Birkbeck Forum for Nineteenth-Century Studies – Autumn Term 2019

Birkbeck Forum for Nineteenth-Century Studies

18 November 2019

Kirstie Blair (Strathclyde), ‘Excelsior! Inspirational Verse and the Victorian Industrial Worker’.

Our first Birkbeck Forum for Nineteenth-Century Studies event of the new academic year takes place at 7.30 on Monday 18th November 2019, in room 106 of the School of Arts building, 43 Gordon Square. Professor Kirstie Blair (Strathclyde) will give a paper titled: ”Excelsior! Inspirational Verse and the Victorian Industrial Worker’.

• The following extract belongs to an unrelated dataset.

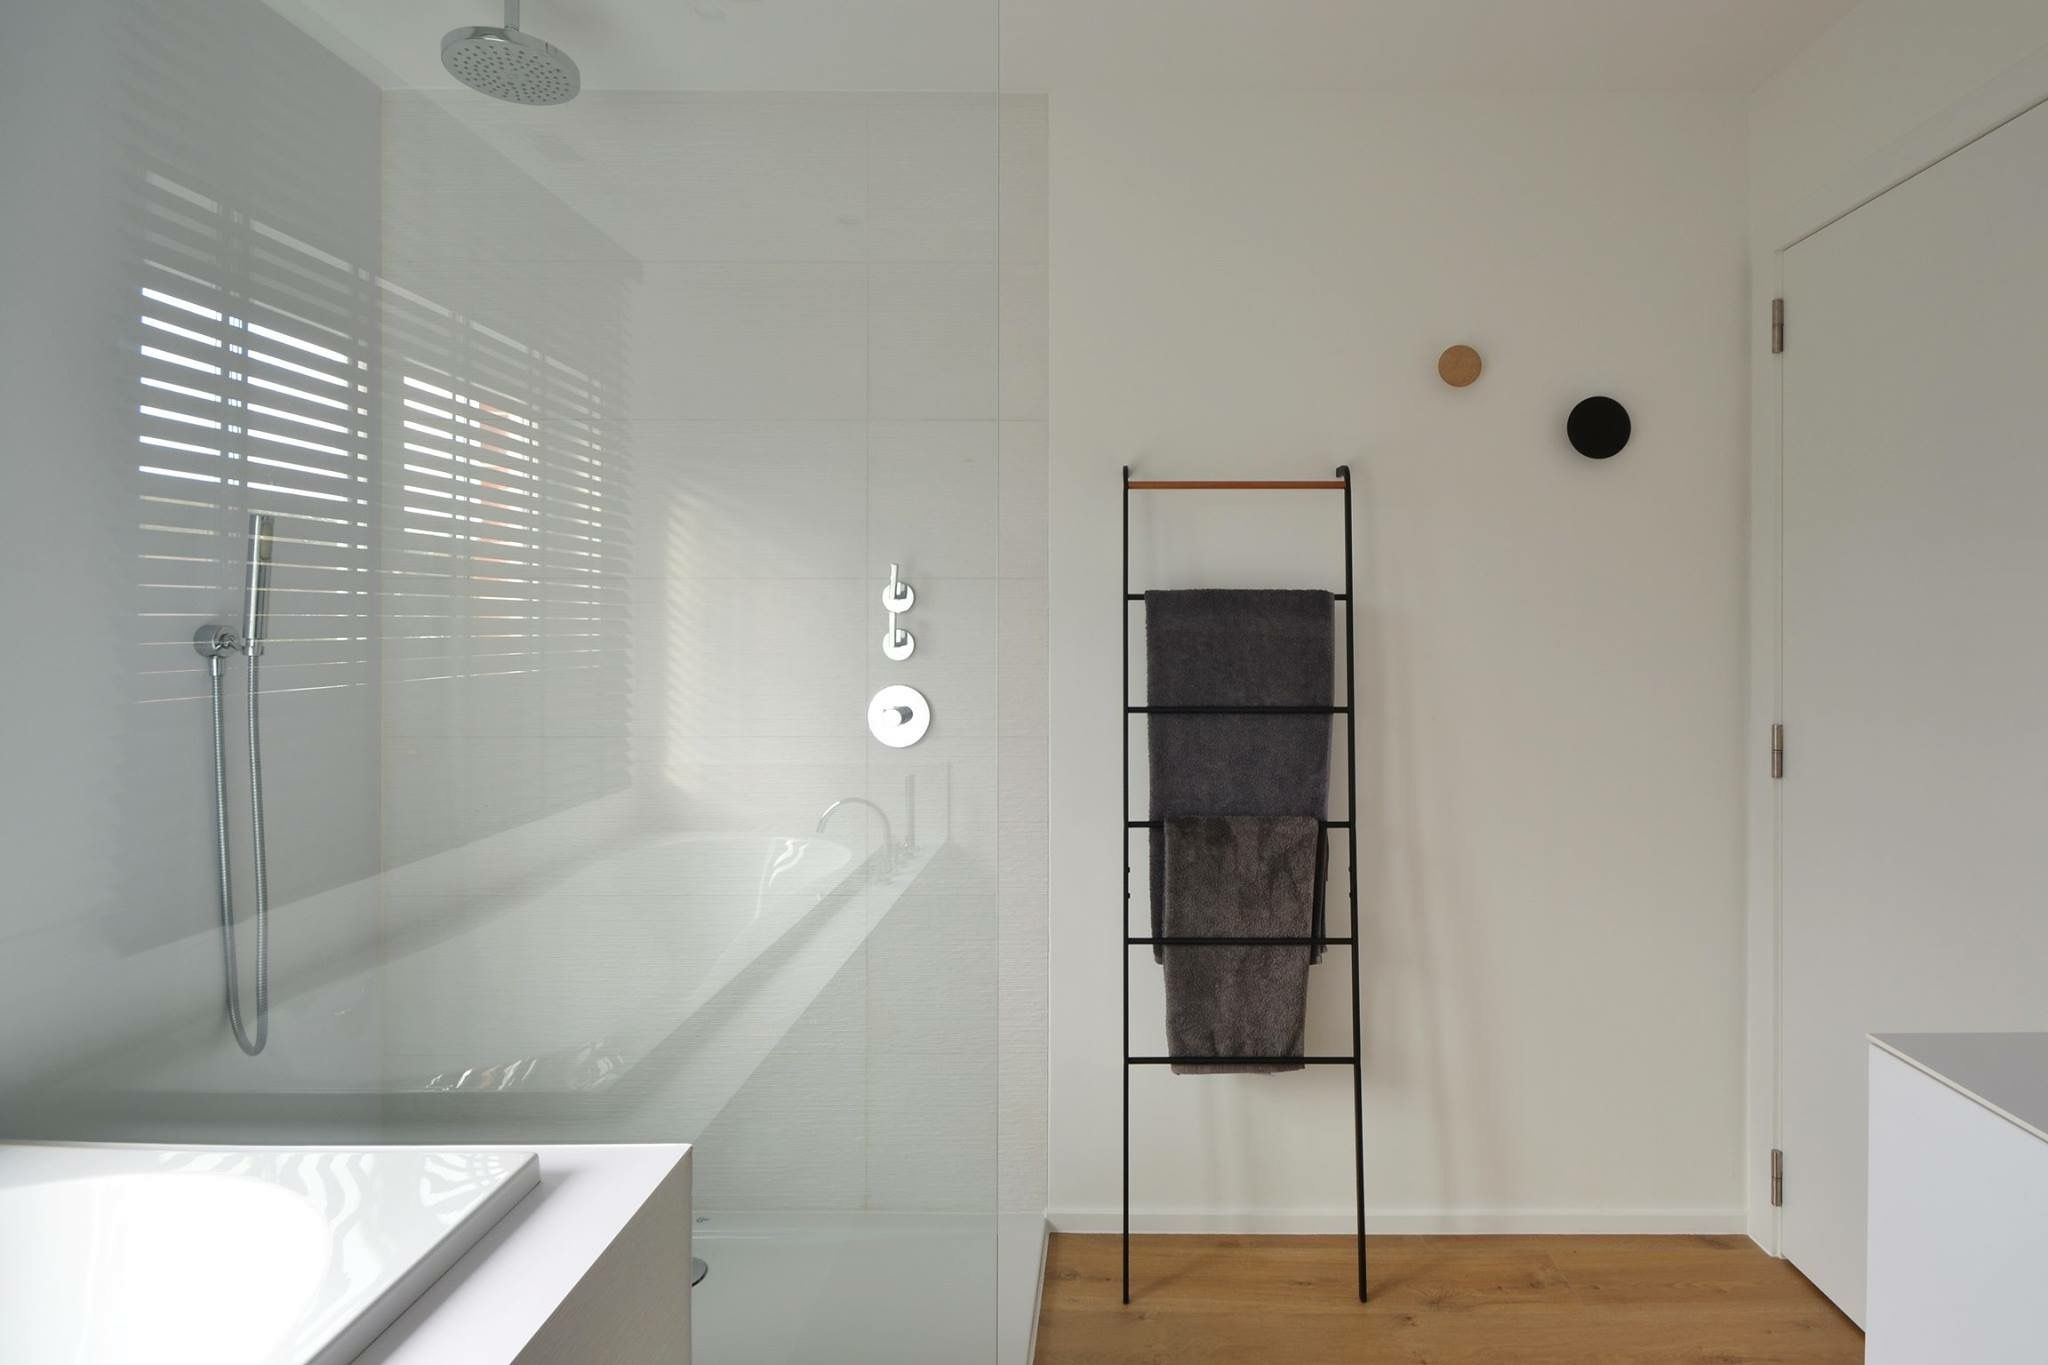 Moderne Witte Badkamer : Moderne witte badkamer met zwarte accenten bathroom

This paper uses research from the ‘Piston, Pen & Press’ project to discuss the enormous popularity of inspirational, motivating verse, a genre usually critically disregarded. It examines the role such poetry played in the cultures of working-class self-improvement and mutual improvement, for both working-class writers and readers.

Prof Kirstie Blair is the author of numerous articles/chapters and three books on Victorian poetry and its wider impacts on Victorian culture: her latest study, Working Verse in Victorian Scotland: Poetry, Press and Community, has just been published by OUP. She is the PI on a 2-year AHRC project, ‘Piston, Pen & Press: Literary Cultures in the Industrial Workplace’, on which she works closely with a number of industrial heritage museums and creative partners. She is currently running a series of MOOCs on ‘Working Lives’, exploring the history of Victorian workers on the railways, in coal-mining, and in textile factories and mills.

The session is free and all are welcome, but since the venue has limited space it will be first come, first seated.

Forthcoming Events

Alison Booth (Virginia): ‘Illustrating the Life and Complete Works of George Eliot: Homes and Story-Worlds.’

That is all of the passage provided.